▶ ASSIGNMENT:
Using the listing below, set down exactly the lines from the one that contains "Почти половина жителей" through the one that contains "Duell der Kult-Clubs", with no pictures.

▶ THE INPUT:
....................

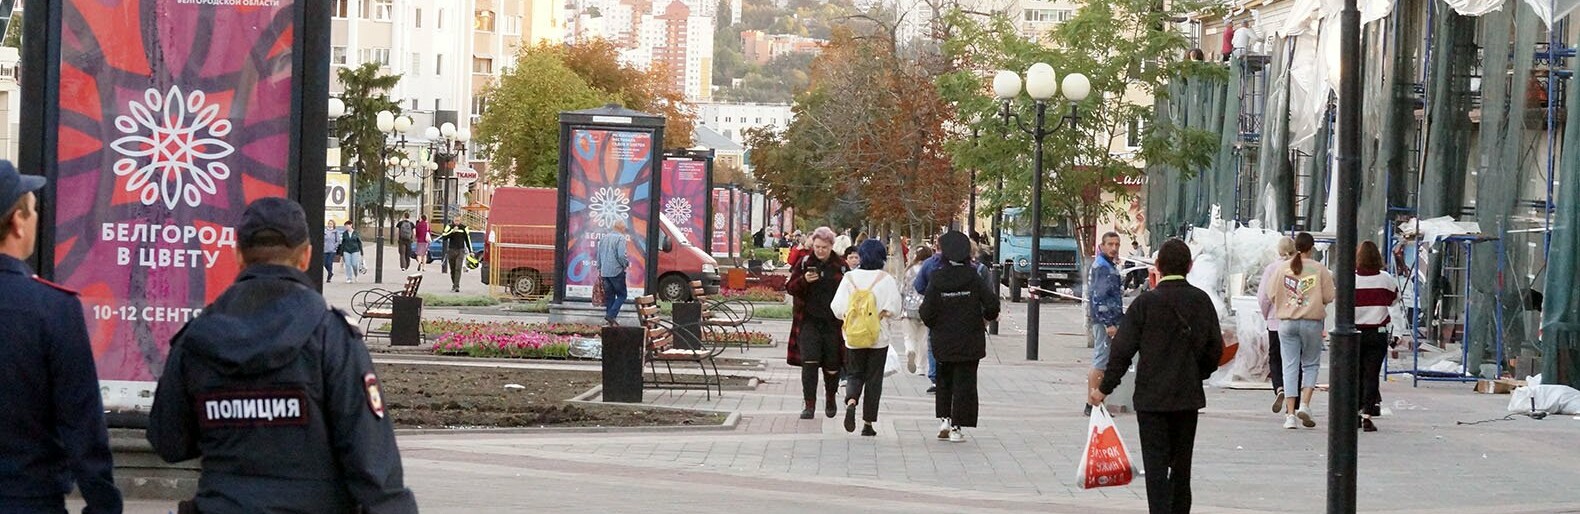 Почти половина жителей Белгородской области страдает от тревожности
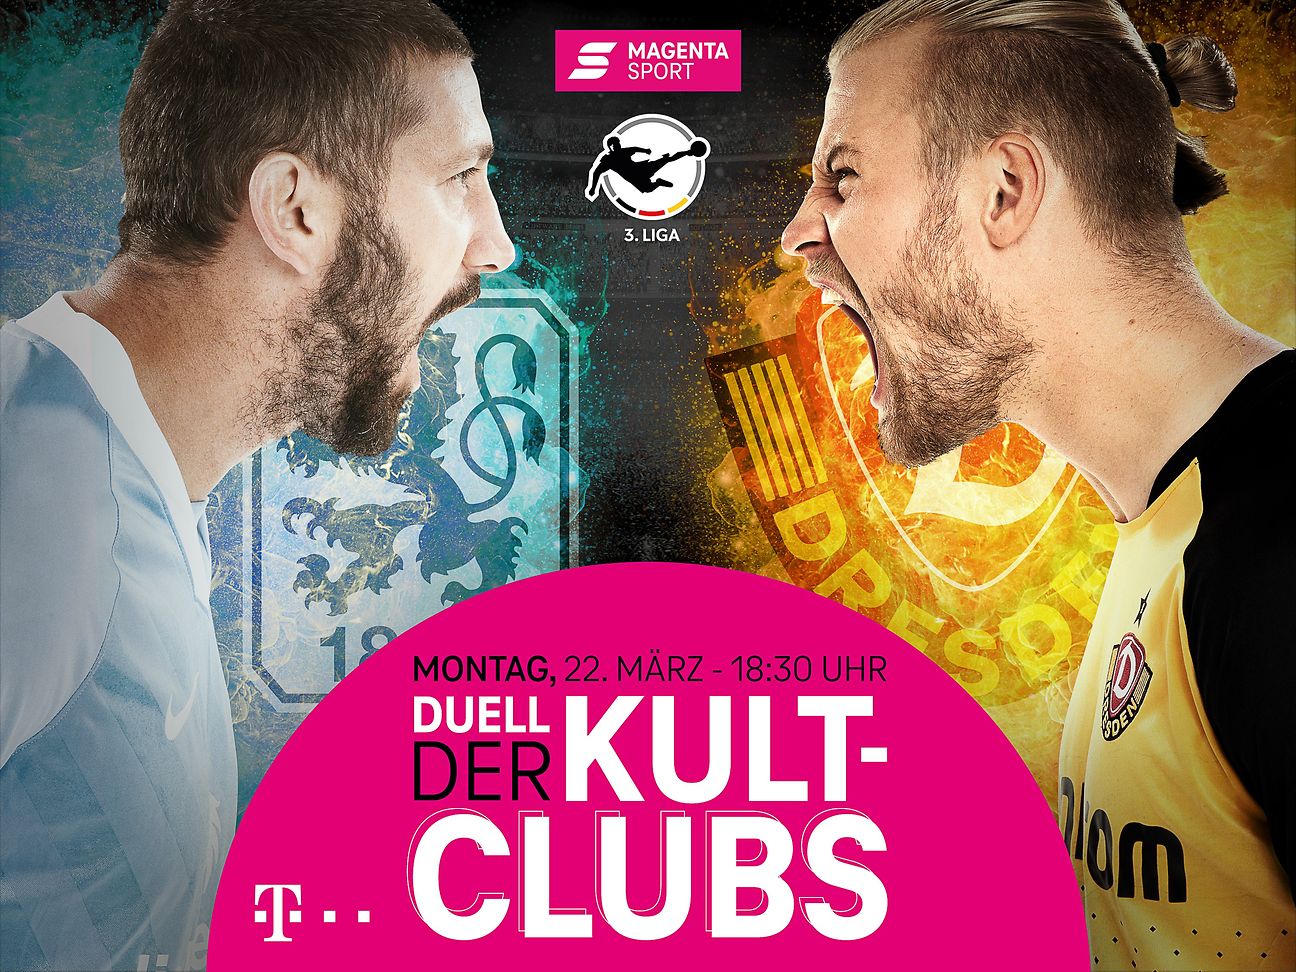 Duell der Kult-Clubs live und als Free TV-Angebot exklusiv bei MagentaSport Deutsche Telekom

....................

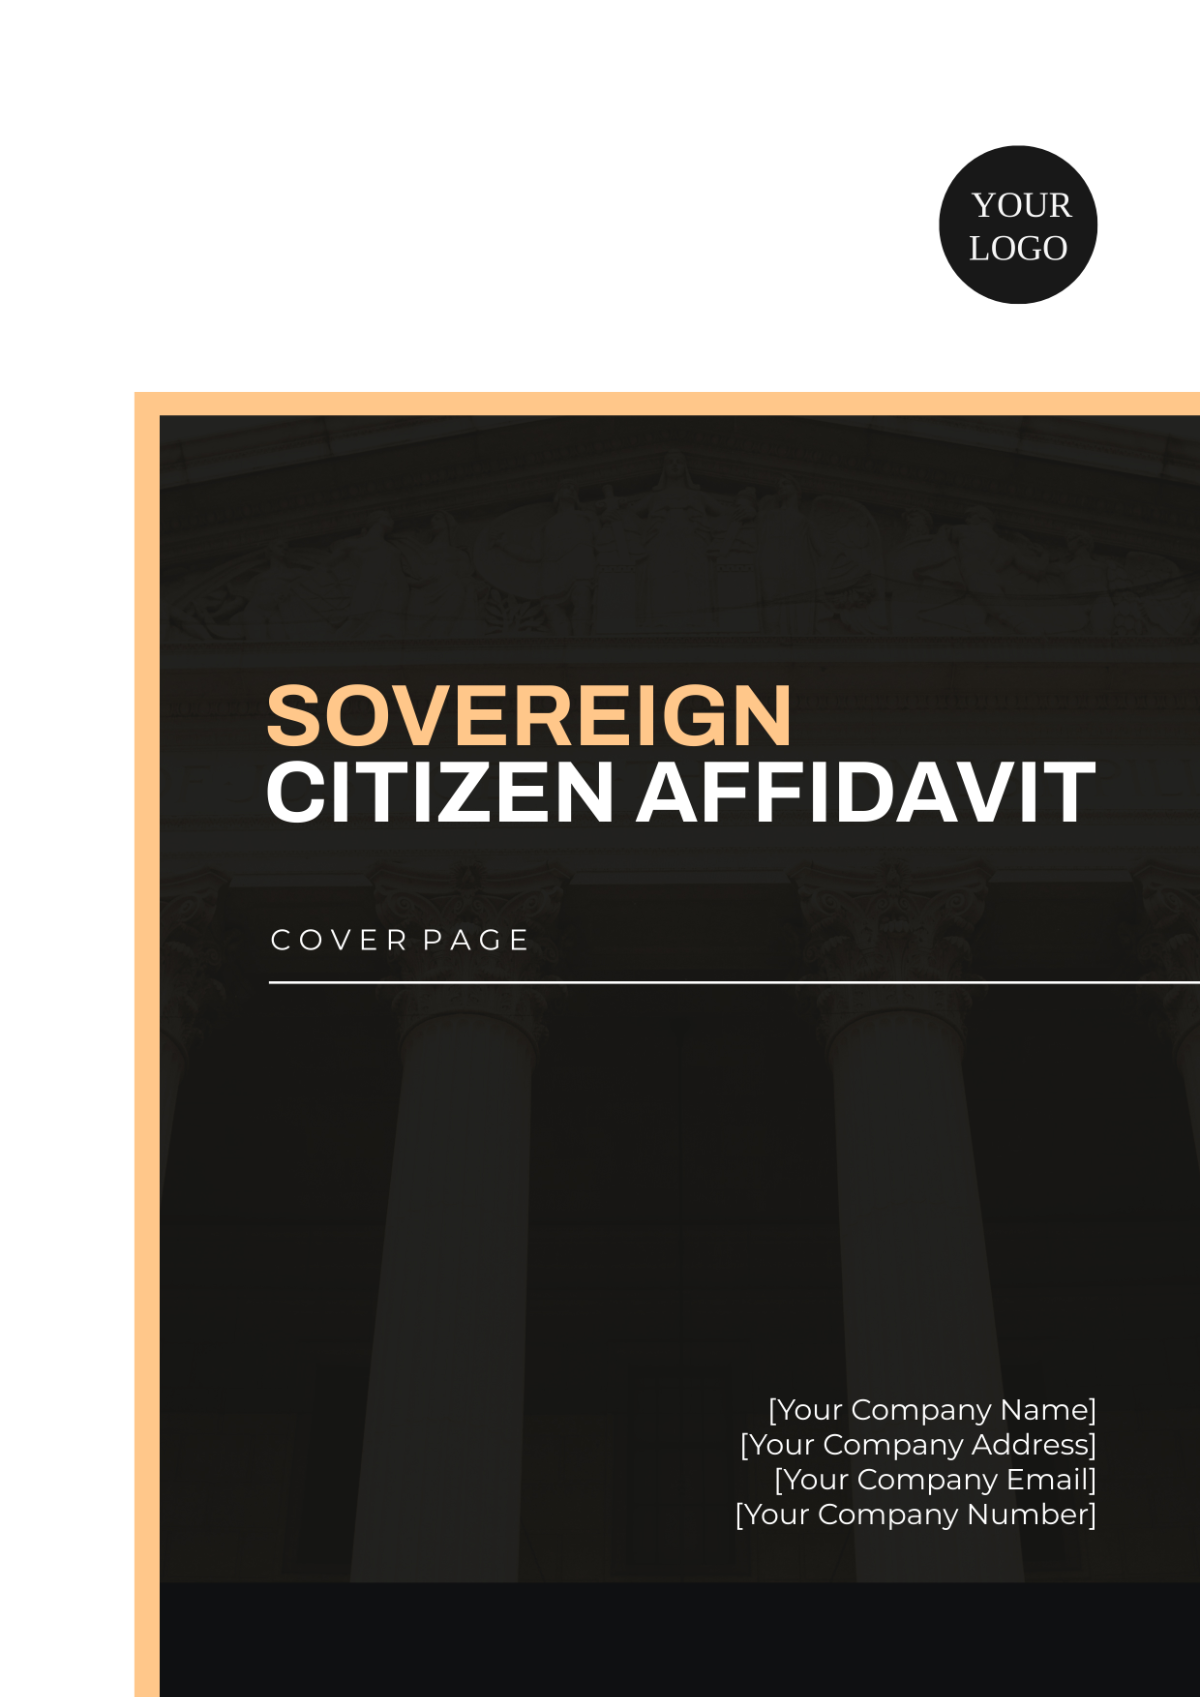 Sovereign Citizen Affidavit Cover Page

....................

▶ SOLUTION TO THIS PROBLEM:
 Почти половина жителей Белгородской области страдает от тревожности
 Duell der Kult-Clubs live und als Free TV-Angebot exklusiv bei MagentaSport Deutsche Telekom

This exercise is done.